Published in final edited form as: Expert Rev Hematol. 2010 Jun;3(3):255–260. doi: 10.1586/ehm.10.22

Hydroxyurea Use in Sickle Cell Disease: The Battle with Low Rates of Prescription, Poor Patient Compliance, and Fears of Toxicities and Side Effects

Amanda M Brandow 1, Julie A Panepinto 1
PMCID: PMC3793890  NIHMSID: NIHMS519739  PMID: 21082977

Background of Sickle Cell Disease

Sickle Cell Disease (SCD) is the most common inherited blood disorder in the United States, affecting about 89,000 Americans or 1 in 400 African Americans.1 SCD is caused by inheritance of the sickle beta globin gene, either in homozygous form (HbSS) or in combination with hemoglobin C (HbSC), β-thalassemia (HbSβ-thal) or several less common hemoglobin genotypes.2 This disorder of hemoglobin structure manifests as a chronic debilitating disease characterized by chronic and episodic pain, hemolytic anemia, severe infections, stroke, and pulmonary complications beginning in infancy and lasting throughout life.2

Pain in SCD Causes Significant Morbidity

Pain is the hallmark of SCD and is the leading cause of emergency department visits and hospitalizations for patients with SCD.2 Painful events result in over 80,000 hospitalizations per year with an average hospital length of stay of 5.4 days and an additional 80,000 emergency department visits per year that do not result in hospitalization.3,4 It has been estimated that 5.2% of patients with 3–10 pain events per year make up 33% of all hospitalizations.

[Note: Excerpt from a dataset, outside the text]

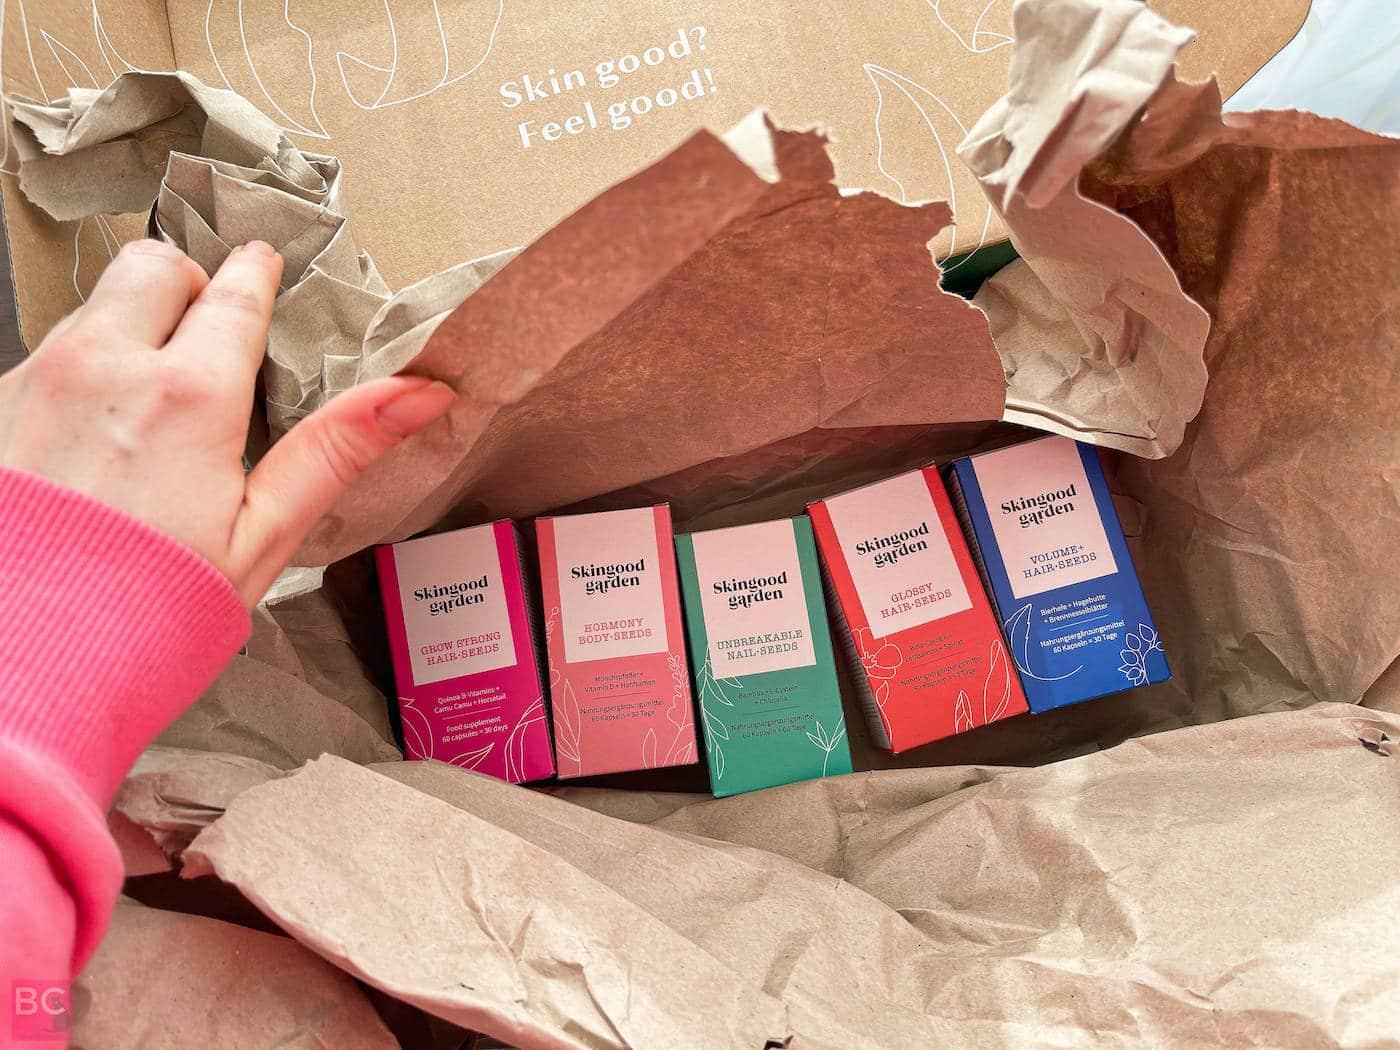 Skingood Garden Erfahrungen Skin Body Hair Nail Seeds Kapseln Karton Verpackung

A patient’s pain rate correlates with early death in those greater than 20 years of age.5,6 Home pain diary studies reveal painful episodes occurring at home are strikingly underreported and impair both school and work attendance.711 The frequency of painful episodes increases as patients mature into adulthood and in adults, pain may occur daily and has clinical features of a chronic pain syndrome.7,12 Thus, SCD pain includes elements of both acute and chronic pain. Given this morbidity and mortality risk, preventing painful events in patients with SCD should result in improved outcomes.

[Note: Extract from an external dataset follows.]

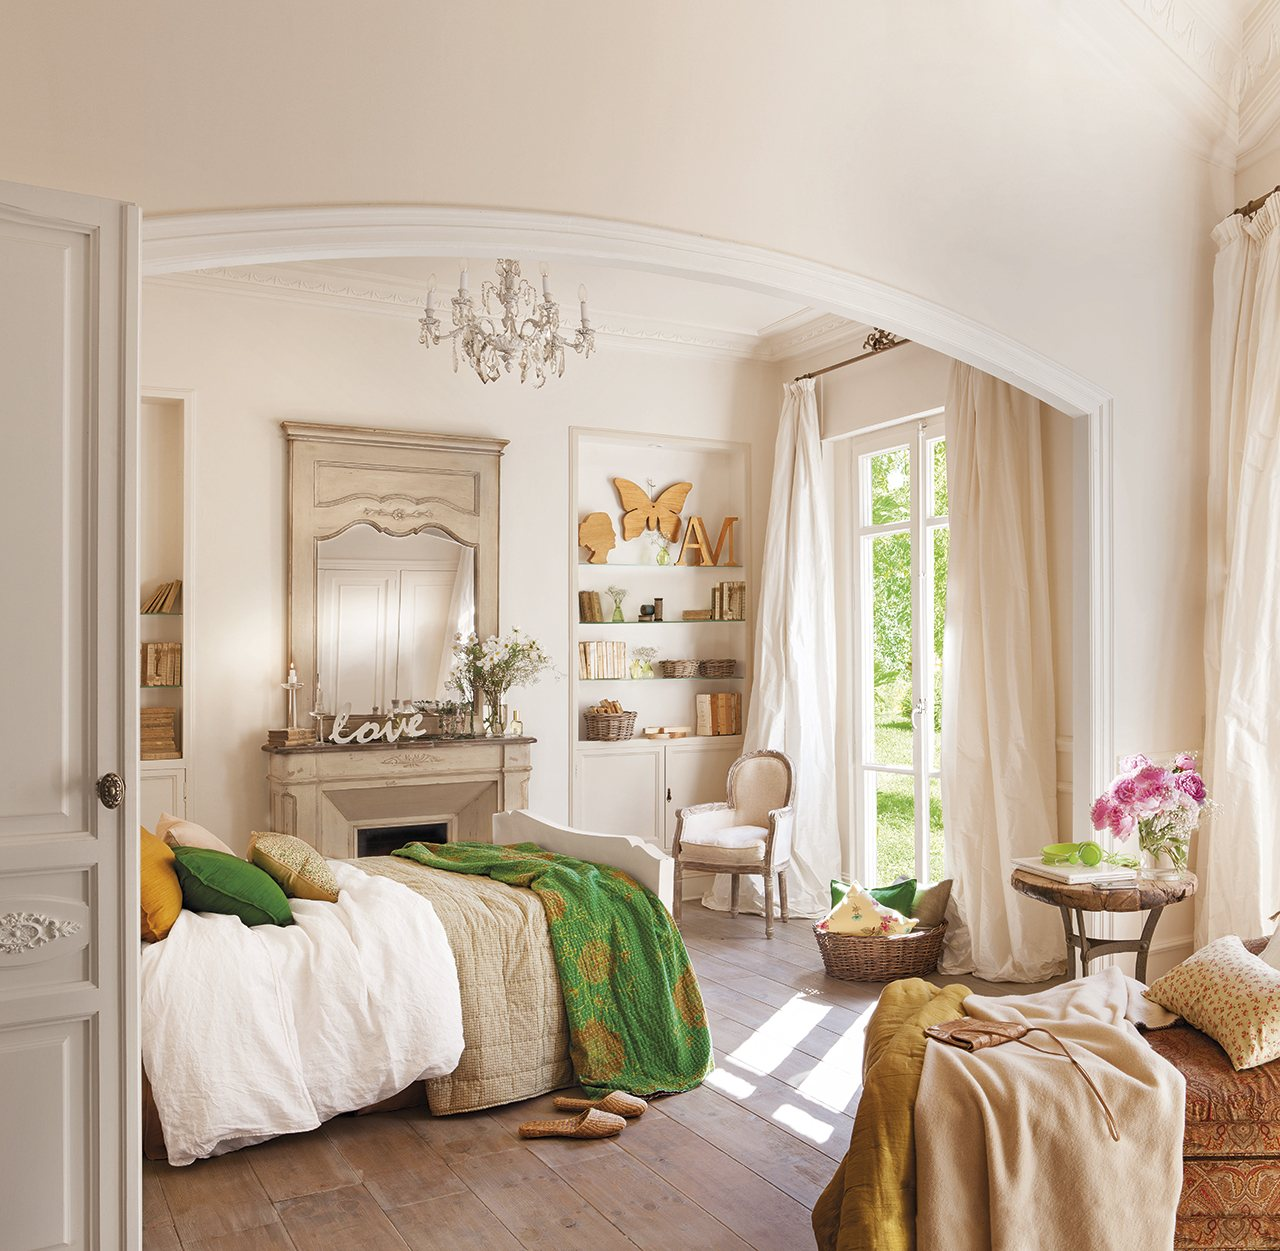 Los 10 dormitorios más bonitos del año

Current Treatments Available for Vaso-occlusive Painful Events in SCD

Currently, there are only three commonly used treatments to prevent vaso-occlusive painful events in patients with SCD. These include hematopoietic stem cell transplantation (HSCT), chronic blood transfusions, and hydroxyurea. HSCT is curative, however is limited by the need for an HLA matched sibling donor which is often a challenge in patients with SCD.13 There are currently little data on unrelated HSCT for SCD, however a clinical trial is currently being conducted evaluating the role of unrelated donor transplantation.14 Chronic blood transfusions are effective; however, for maximum benefit they are required indefinitely which leads to iron overload, potential infection, and risk of the development of antibodies to red blood cells. Hydroxyurea, an oral medication taken once daily that induces fetal hemoglobin production, has been shown to decrease the frequency and occurrence of vaso-occlusive painful events in SCD, prolong life, and is proven to be safe.15,16 The role of other fetal hemoglobin inducing agents such as decitabine (5-azacytidine) are currently being evaluated for patients with SCD.17 Due to the lack of alternative treatments, hydroxyurea appears to be an ideal drug for patients with SCD based on its ease of administration and its low side effect profile.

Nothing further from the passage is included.